La sismicità del 2019 registrata dalla Rete Simica Nazionale dell’INGV viene mostrata in una mappa interattiva (dashboard), pubblicata nella galleria StoryMaps&Terremoti. In questa applicazione sono rappresentati i terremoti di magnitudo maggiore o uguale a 2.0, classificati e tematizzati in base alla loro magnitudo. Ogni evento può essere interrogato per visualizzare i relativi parametri ipocentrali.

Nell’applicazione sono disponibili le infografiche che mostrano, per un’area scelta dall’utente, il numero di terremoti totali localizzati nel 2019, la magnitudo massima e la loro distribuzione nei 12 mesi dell’anno.  E’ inoltre possibile attivare il TIME SLIDER per far partire un’animazione spazio-temporale della sismicità dal 1 gennaio 2019 o da altri intervalli temporali. Infine altre funzionalità disponibili sono alcuni ZOOM sulle principali sequenze del 2019 e una mappa di densità dei terremoti attivabile dalla funzione LAYERS.
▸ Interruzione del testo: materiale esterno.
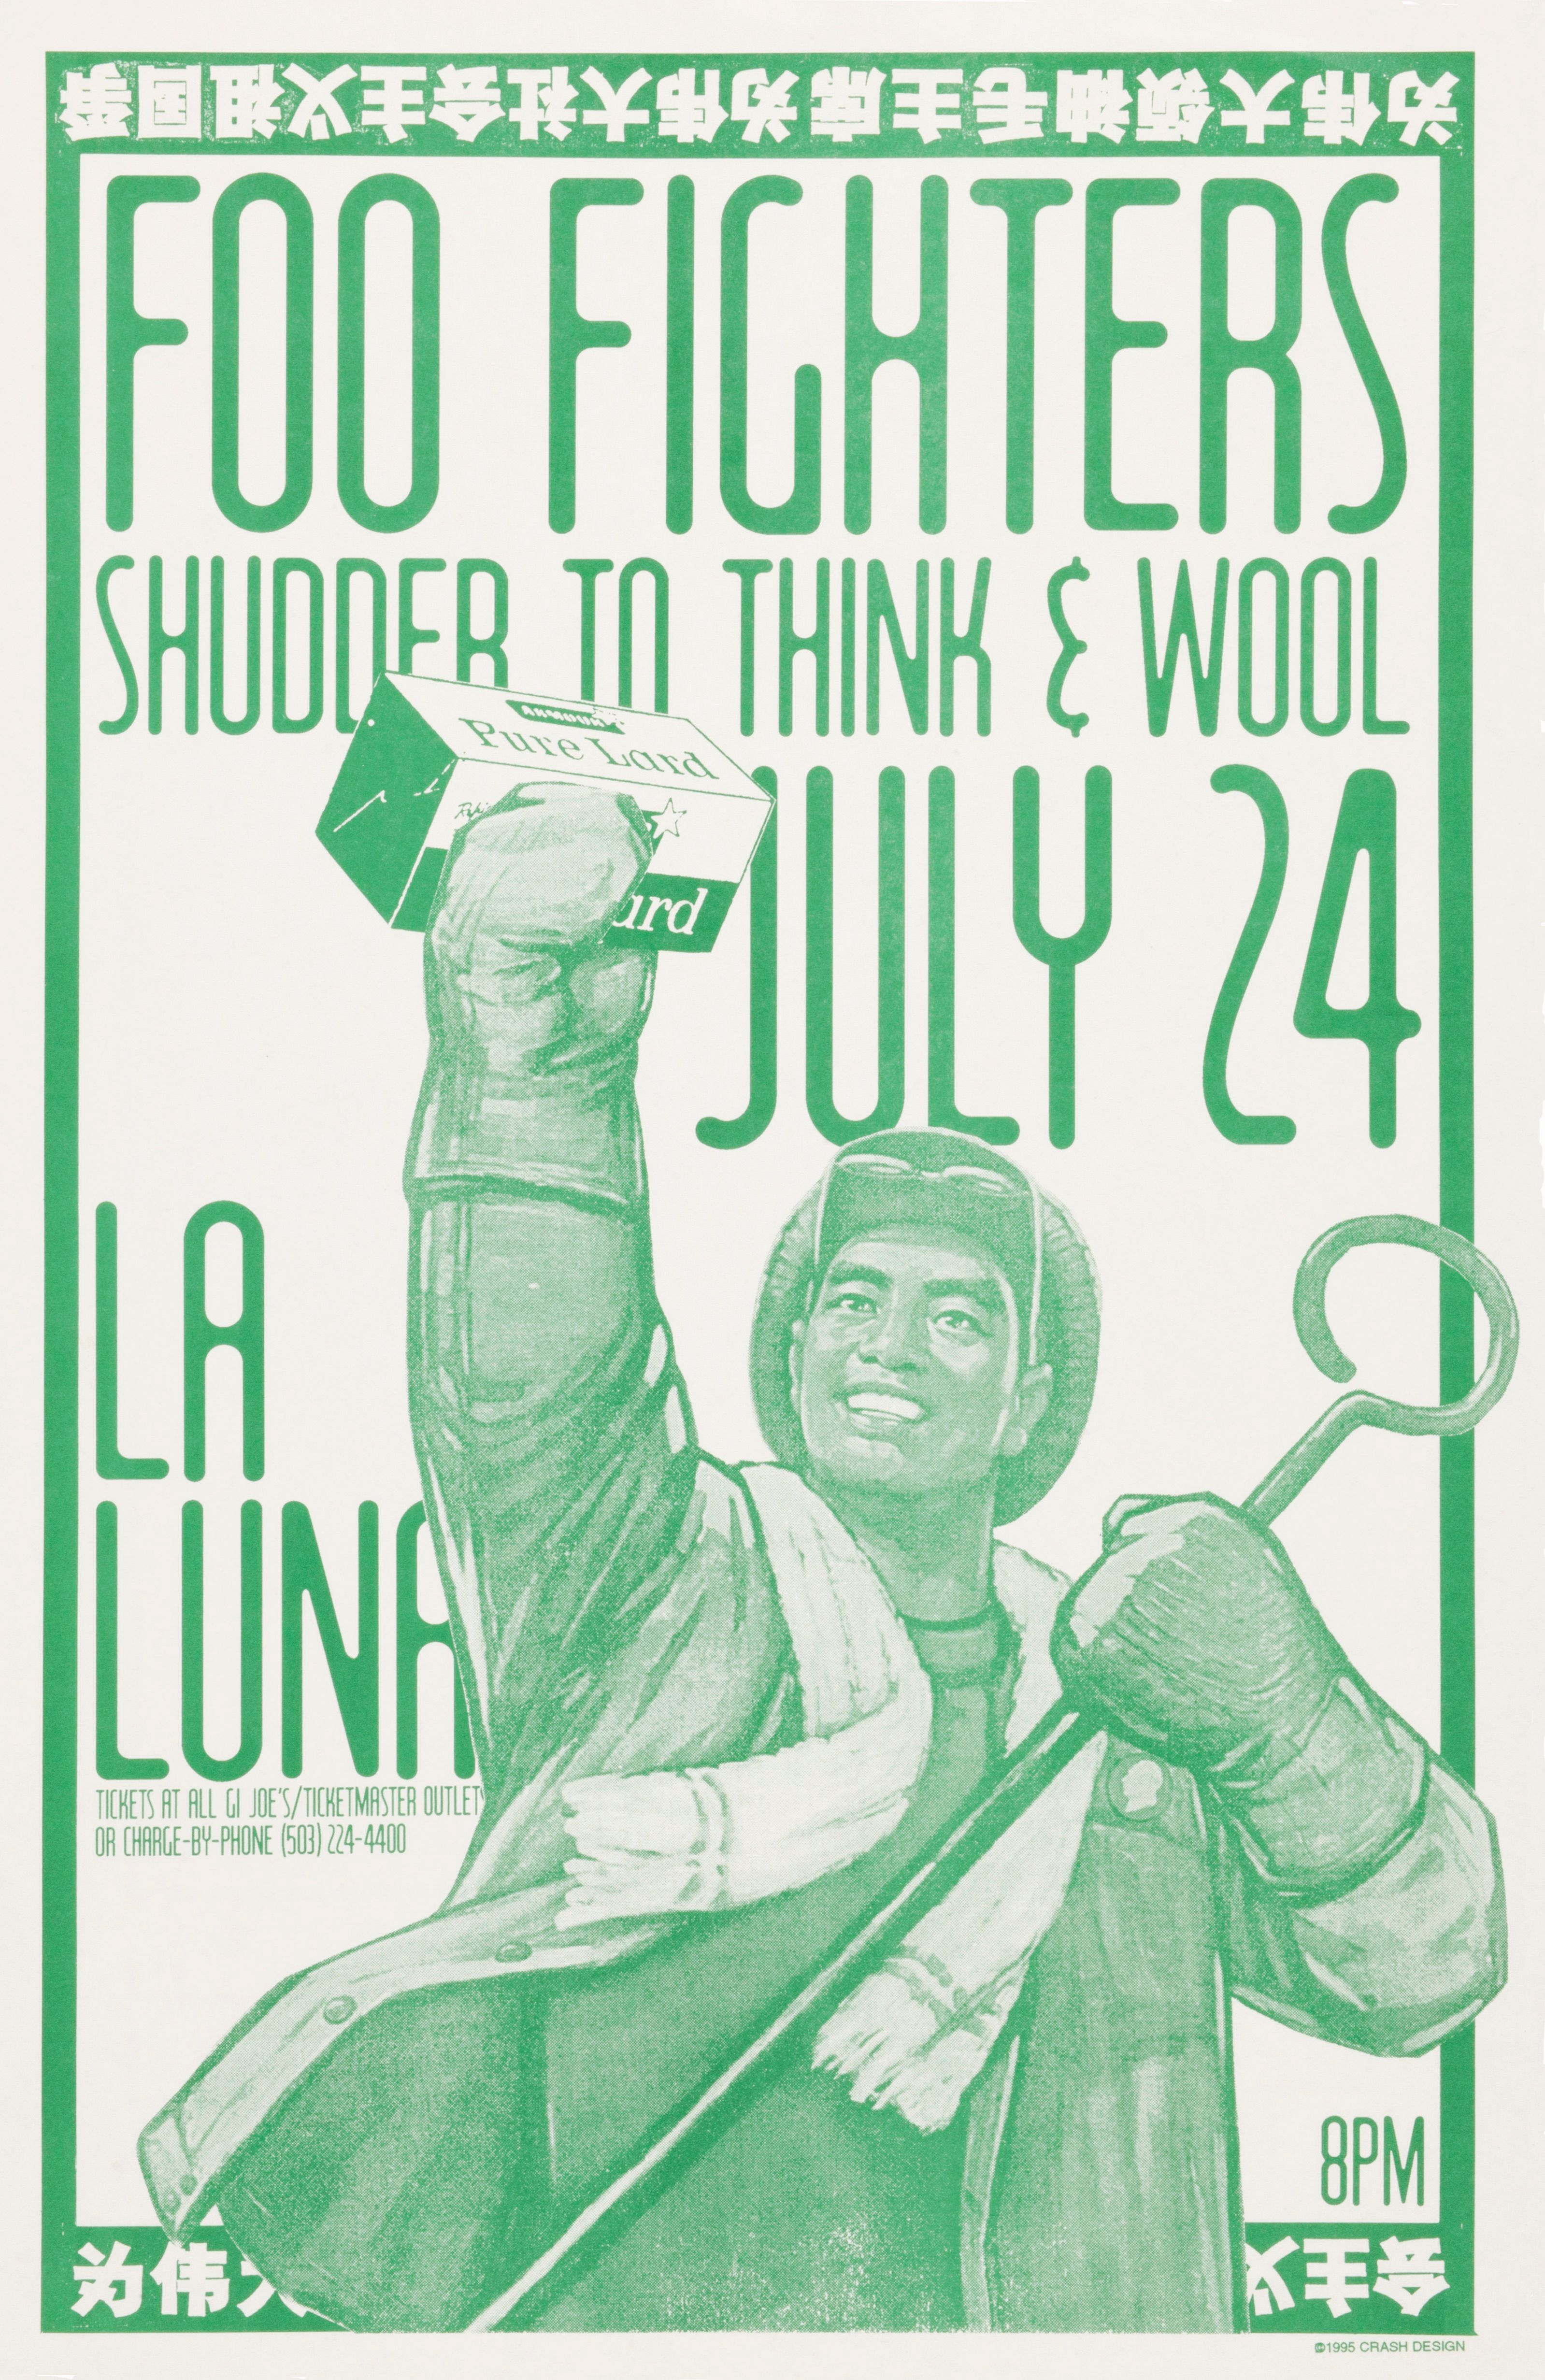 MXP-113.4 Foo Fighters 1995 La Luna  Jul 24 Concert Poster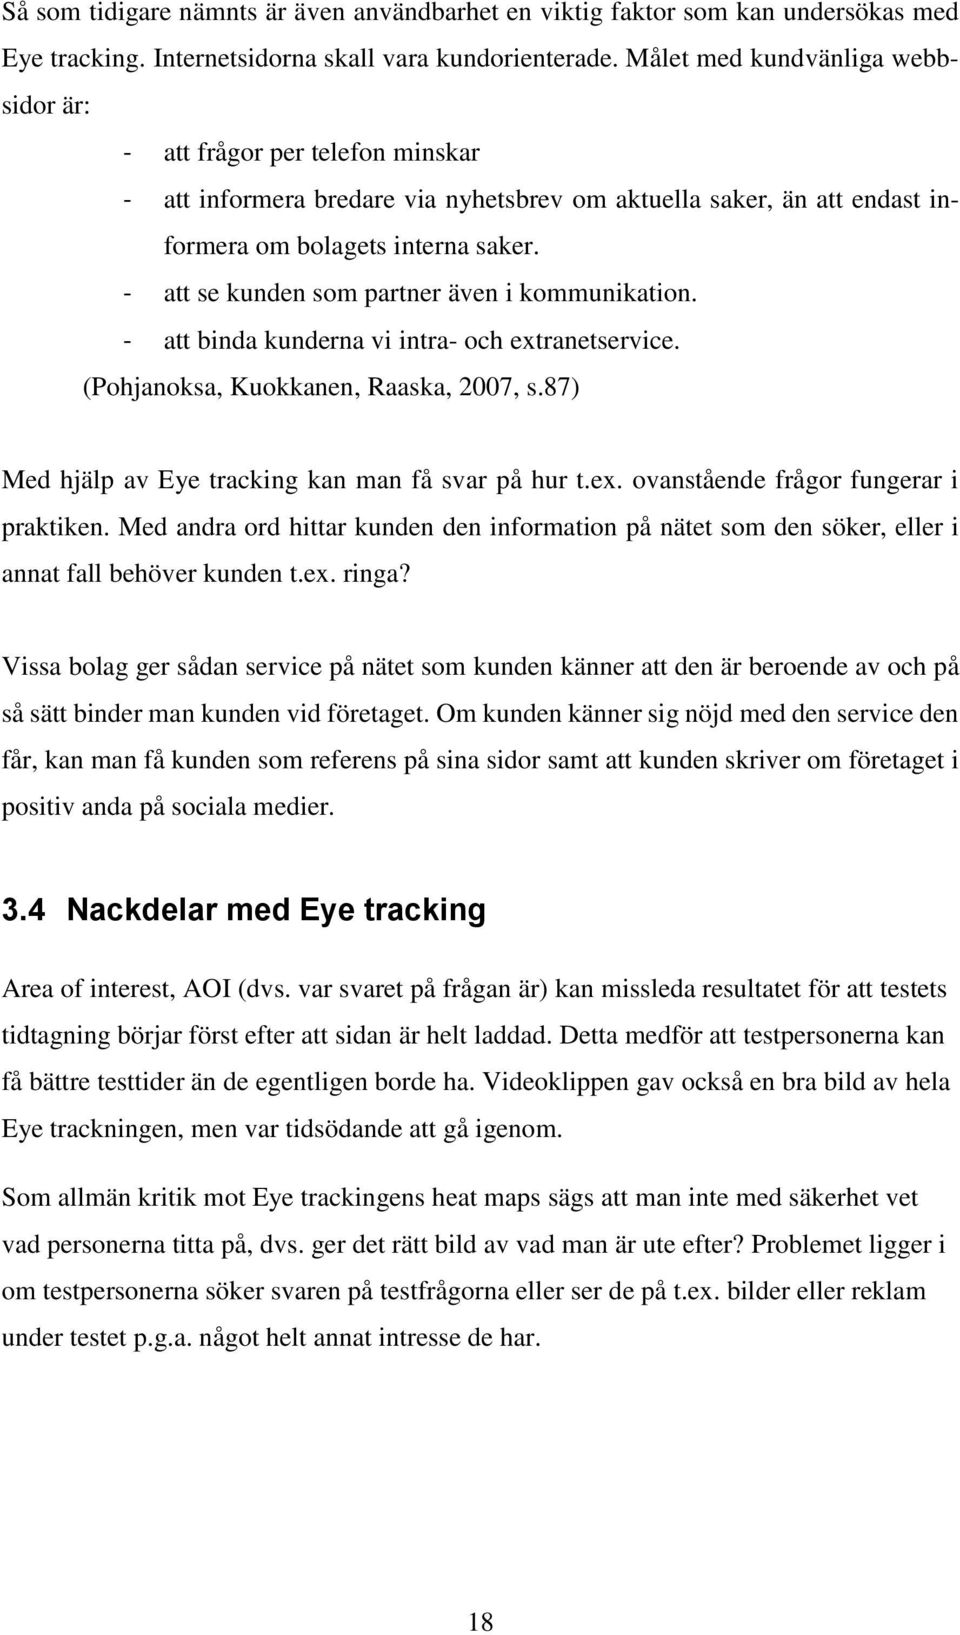 - att se kunden som partner även i kommunikation. - att binda kunderna vi intra- och extranetservice. (Pohjanoksa, Kuokkanen, Raaska, 2007, s.87) Med hjälp av Eye tracking kan man få svar på hur t.ex. ovanstående frågor fungerar i praktiken.

Apri la mappa interattiva dei terremoti del 2019

A cura di Maurizio Pignone, INGV – Osservatorio Nazionale Terremoti.


Crediti dati e nota

ISIDe working group (2016) version 1.0, DOI: 10.13127/ISIDe, Italian Seismological Instrumental and parametric database: http://iside.rm.ingv.it/iside

Ricordiamo che i dati di tutti gli eventi sismici che avvengono in Italia vengono calcolati e rivisti dai sismologi in turno h24 nelle Sale Operative INGV di Roma, Napoli e Catania e pubblicati pochi minuti dopo ogni terremoto sul portale dei dati in tempo reale del Dipartimento TERREMOTI (http://terremoti.ingv.it/).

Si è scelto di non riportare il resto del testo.